In my mind the City made two key blunders when it tripped over itself to rezone the CNF property to EXd (CNF was promising a big logistics joint venture with GM that was going to produce lots of IT jobs at the site - it never happened).

1) The City did not require a master plan for developing the site.

2) The City did not require CNF to dedicate a block for a park.

So CNF got a huge bump in its property value (IG1 land is worth much less) and the public got zilch.


I think the city is wise to slow such transitional periods of development in the city. Much like the CEID, the Lovejoy to 23rd to I-405 to the abandoned I-505 ramps area serves as a much needed commercial, industrial and creative space for businesses that desire to be close in, near the central freeway loop to serve the entire region from its center, and to serve those in the center quickly. In my opinion, this area should have some housing mixed in creatively such as live-work complexes, but the main focus should be commerce to insure that noise and traffic issues that come with residences be kept at a minimum. As density increases in this area, it is important, regardless of housing, for a park. Perhaps a Guild Lake resurfacing, much like Tanner Springs, would be in order.

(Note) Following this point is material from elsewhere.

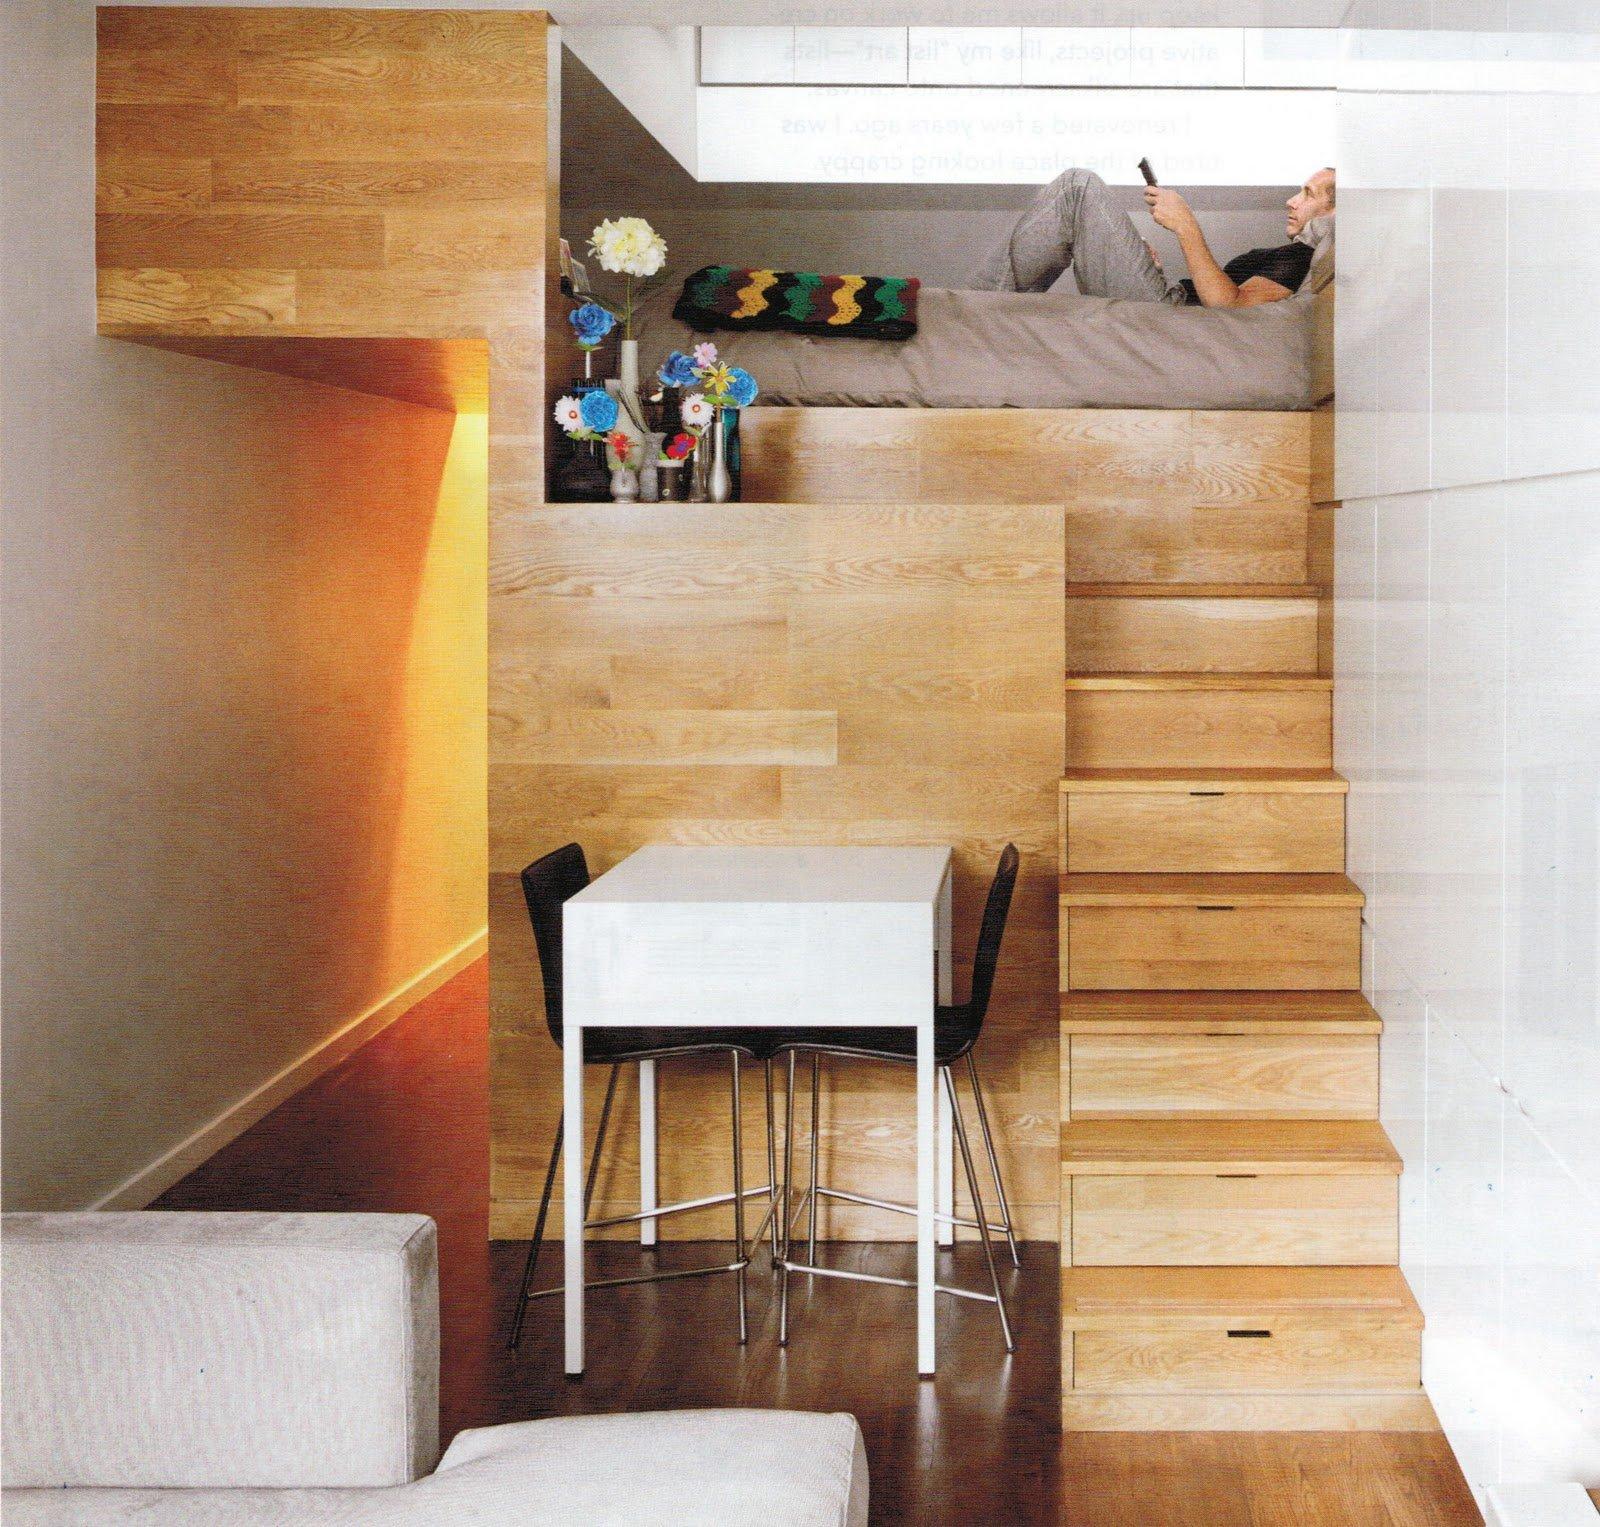 20 incre bles ideas para ahorrar espacio en una habitaci n for Diseno de libreros para espacios pequenos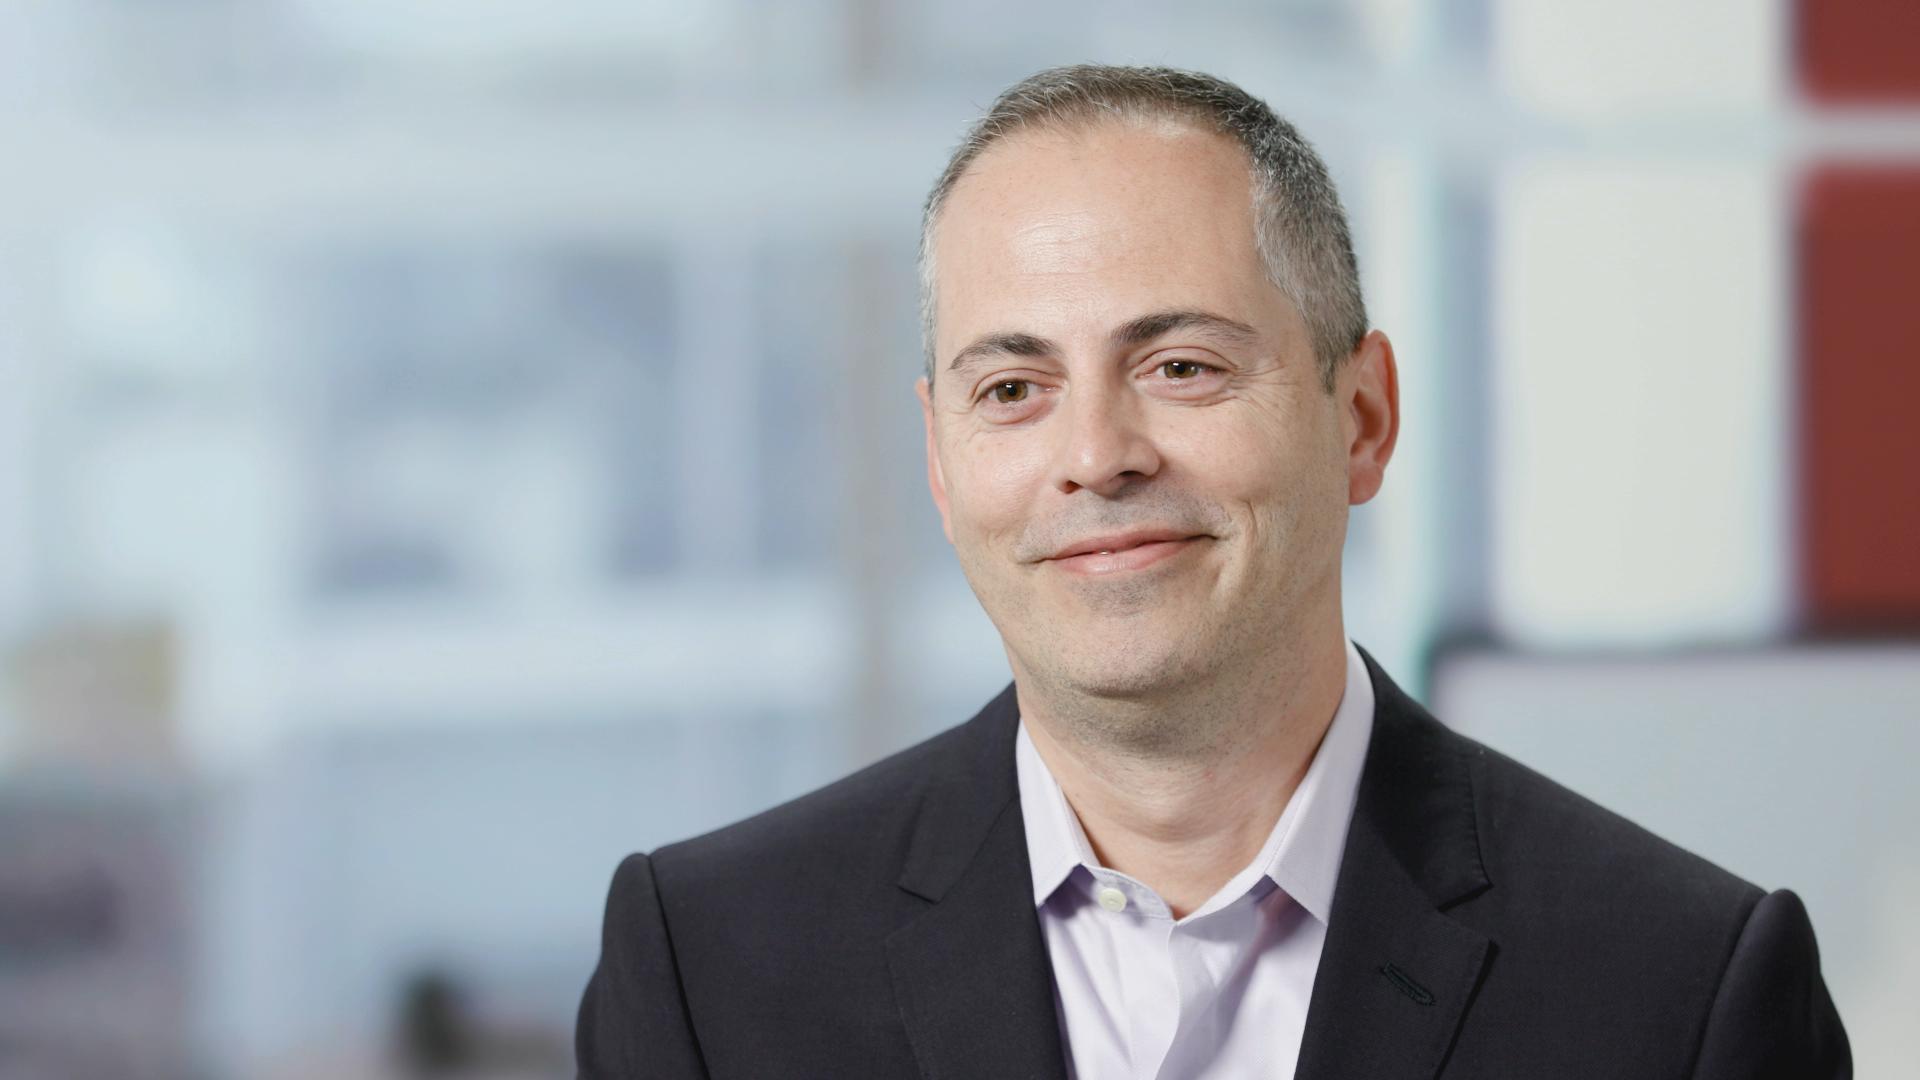 Com três ações do Brasil em carteira de emergentes, Janus Henderson cobra reformas para aumentar posição no país thumbnail

All I can say is no to NOLO and yes to Slabtown. If a place has a good name there is no need to make one up (the whole SOHO, NOPO, SOCO thing is pretty played out).

mike conroy

I agree, no on the NOLO. There definitely should be a plan installed so that the jobs and industry aren't pushed out and haphazard development ensues. A park and a transportation plan would benefit everyone in the area. Affordable housing would be awesome!


Nolo is the Real Deal. It is not the Bucket or Slabtown. The Bucket refers to a slum and Slabtown refers to the bar on the corner where they sell heroin and girls like to hook. Nolo for all intensive purposes works perfectly. And if you are in the Pearl and are north of Lovejoy you are not in the NOLO, you are in the Pearl.


This is a prime reason of the cost it takes to live in the area. How much extra does it cost a developer to sit and wait? How much do all the permits and such cost? Time is money, and the city is not respective to this situation at all.

I do think some decent planning would be great, the traffic is going to become horrendous as that area fleshes out, but the city could do it's part to keep costs down be speeding up a slow, tedious, and often times wasteful process. If they get their act together they might even be able to prevent bad traffic build up.